I mean, like, he's not even correct by 3rd edition lore standards. The closest the 3rd edition Necron codex comes to addressing the topic of Necron intelligence and talking is saying that Necron Lords are silent (pages 2 and 16) but also saying that some Necrons retained their intelligence albeit in a diminished capacity (page 25). It doesn't say all Necrons are mute, or even that they rarely speak.
I'm currently getting some 40k lore-hounds to fact check whether or not they were silent in other pre-5th edition lore.
To actually contribute to the thread though, I recently re-read my favorite sci fi story "Virgin Planet", by Poul Anderson from like 1959.
The basic premise is a space explorer lands on a planet populated only by women - the planet had been part of a colonization project centuries prior where the women were on a separate ship from the men, and the men's ship never made it, and the women's ship crashed and left most of their technology in ruins so their society is basically medieval-level tech. The women reproduce via cloning machines (their only surviving tech) so there's, like, 100 different women who all get cloned so all the women on the planet are one of those 100 at various ages, and each woman "type" is something of a specialist or personality type in the society (warrior, builder, artisan, diplomat, leader, cook, etc).

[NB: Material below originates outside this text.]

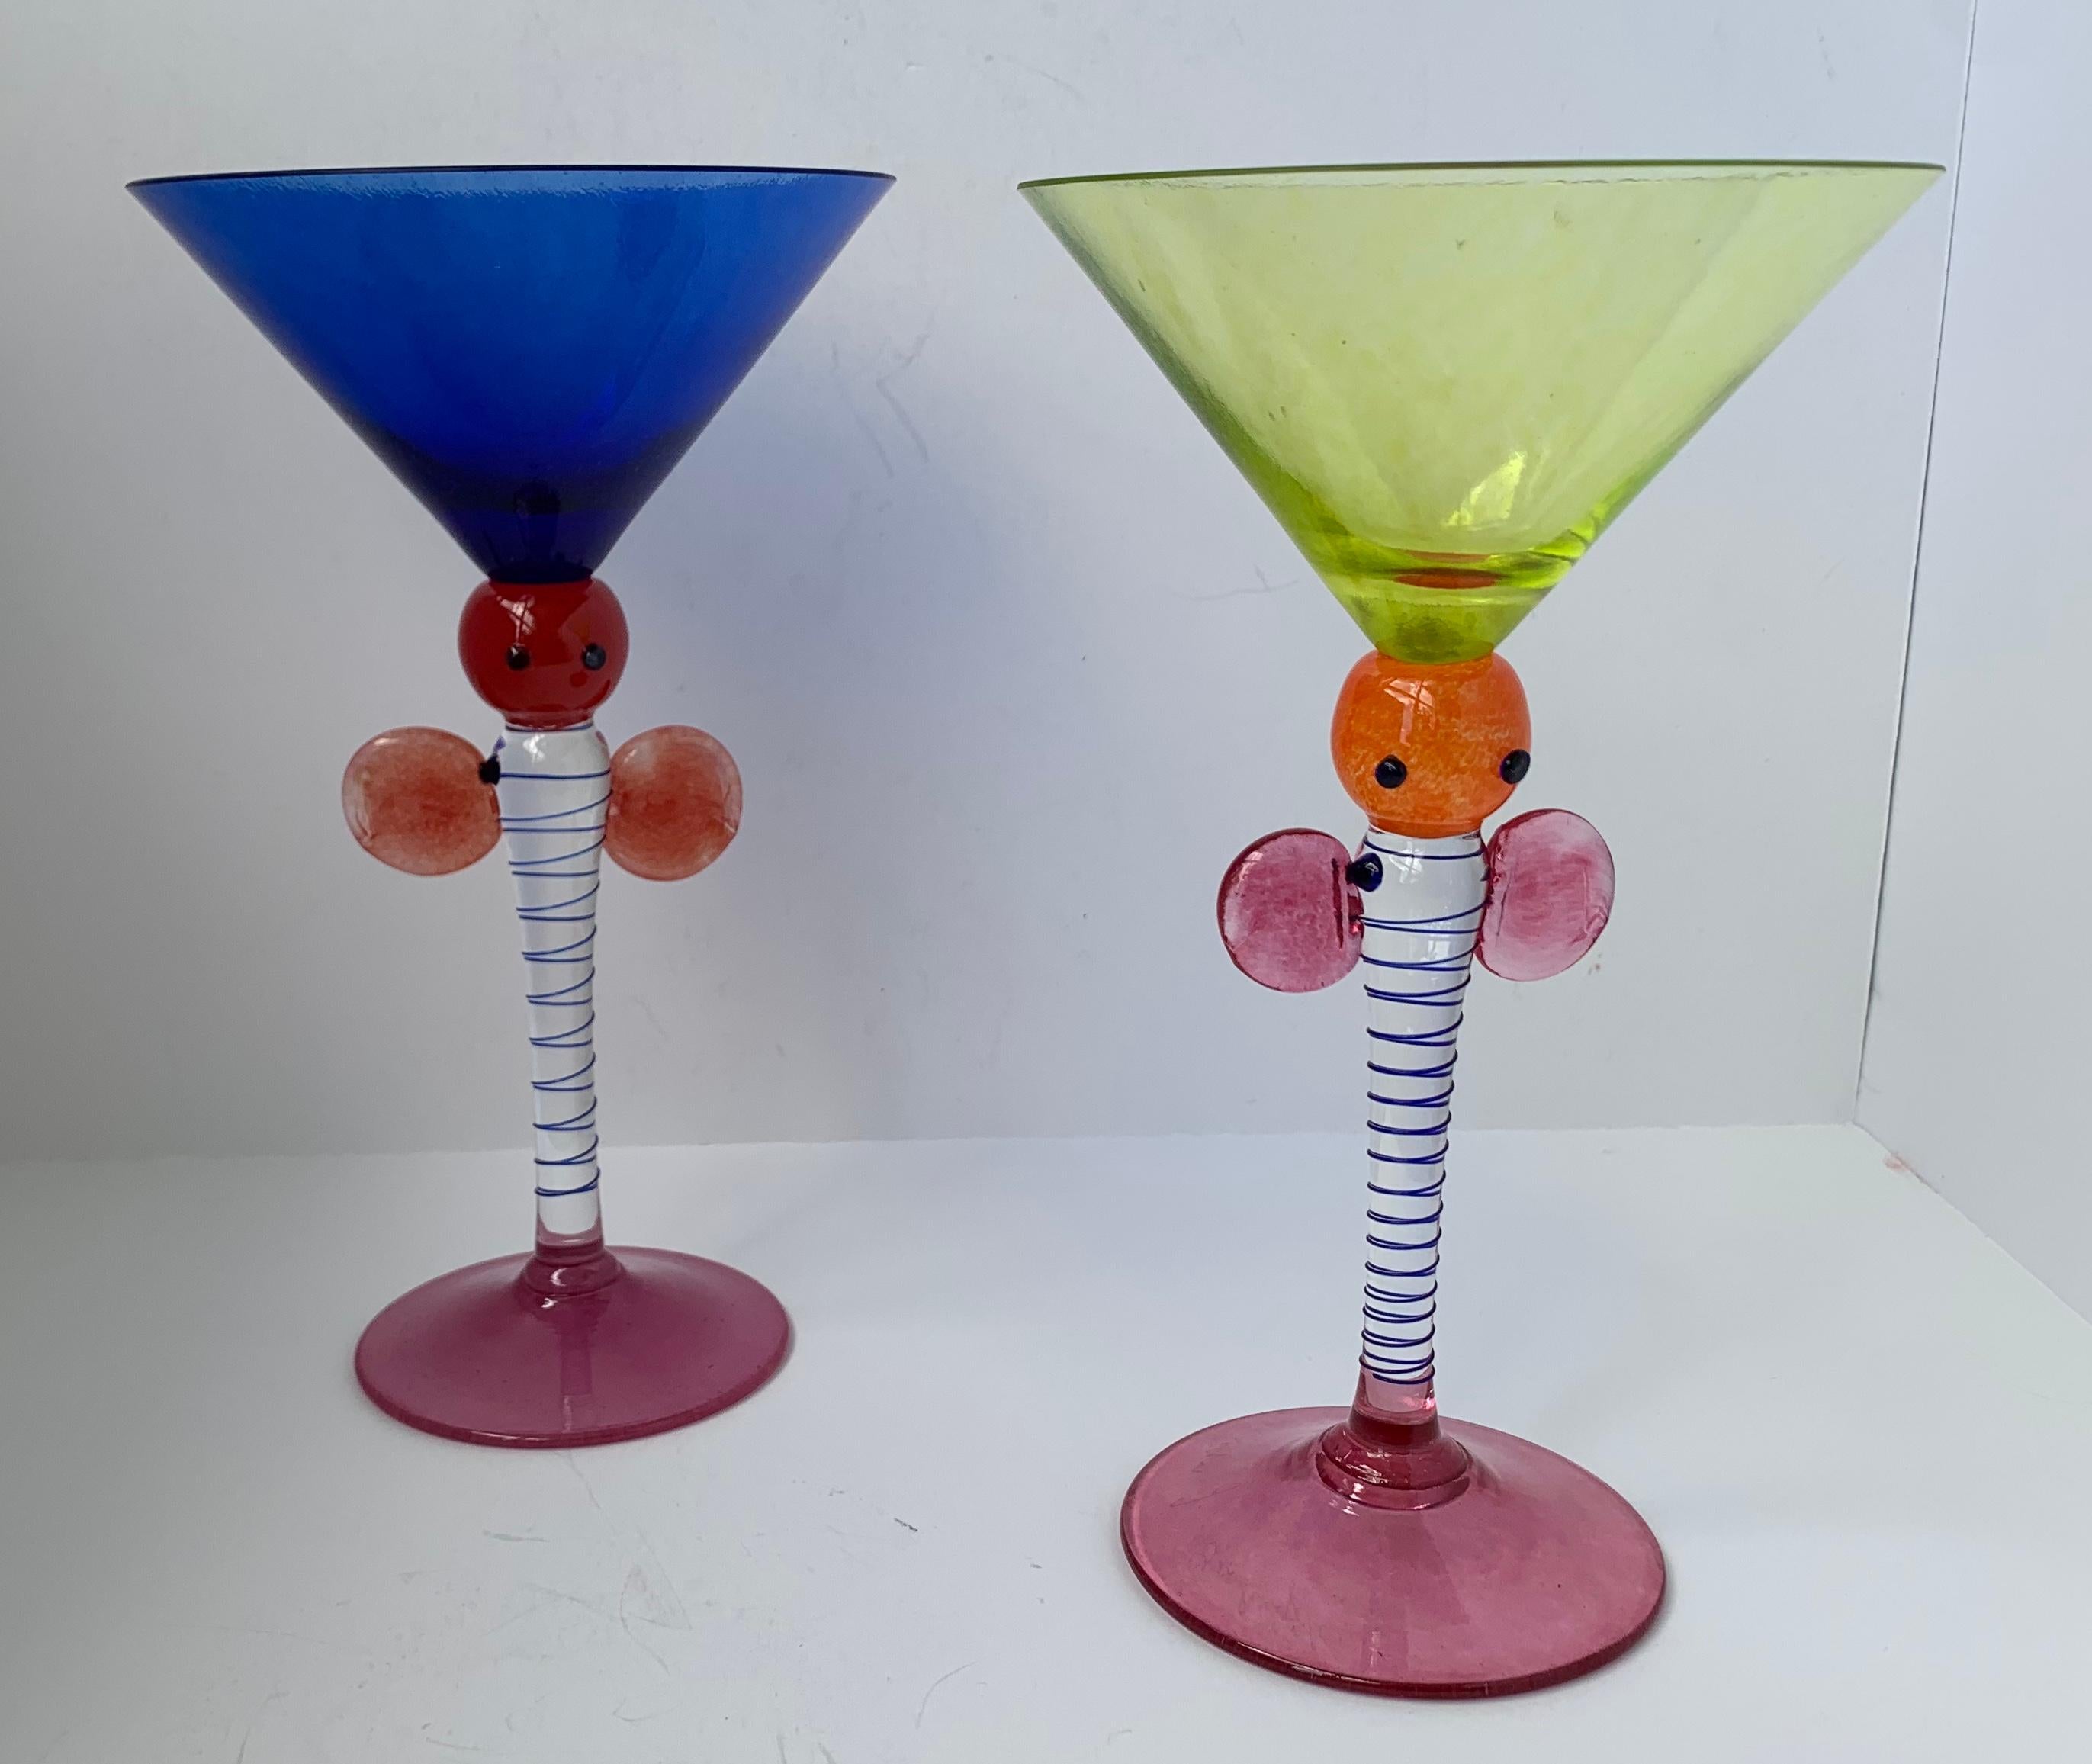 Pair of whimsical and very colorful cocktail glasses. They are mouth blown and have applied cobalt blue glass threading on the stems. The eyes and perhaps big ears add a touch of humor. Signed J. Guliajile.

So these women have been waiting centuries for the coming of The Men, these mythical creatures that they know exist but have never seen, and this space explorer lands on their planet not knowing anything about it, and since he's just some dude they completely don't believe he's A Man because he's not bold and smart and perfect and a warrior and superhuman and noble (and they have no idea what A Man looks like), and it turns into a civil war between the women who start to believe he's A Man and the women who are convinced he's not. On top of that, there's a ruling class of women who actively never want the Men to show up because they know it would screw up their power dynamic, so they try to discredit the space explorer and ideally kill him so no more Men show up.
The space explorer, being a guy, tries to sleep with pretty much anyone he can but there ends up being exactly zero sex scenes in the whole story because he either botches it or gets hilariously interrupted or something every time. Even among the women who believe he's A Man, they constantly have to save his ass because he's largely inept and no good in a fight.
He falls in love with two of them (they're genetic twins so it's easy to do) and it turns into a humorous love triangle, and in the end the space explorer helps overthrow the ruling class with the promise that he will bring more Men, and the final page is one of my favorite final pages in any story ever and always makes me smile.
There are elements that haven't aged perfectly (it's a 65 year old story) and some plot elements I think could have been stronger but on the whole it's a lot of fun and doesn't take itself too seriously and plays around with some tropes you'd expect to see in a story like this, and I absolutely love the final page of the narrative.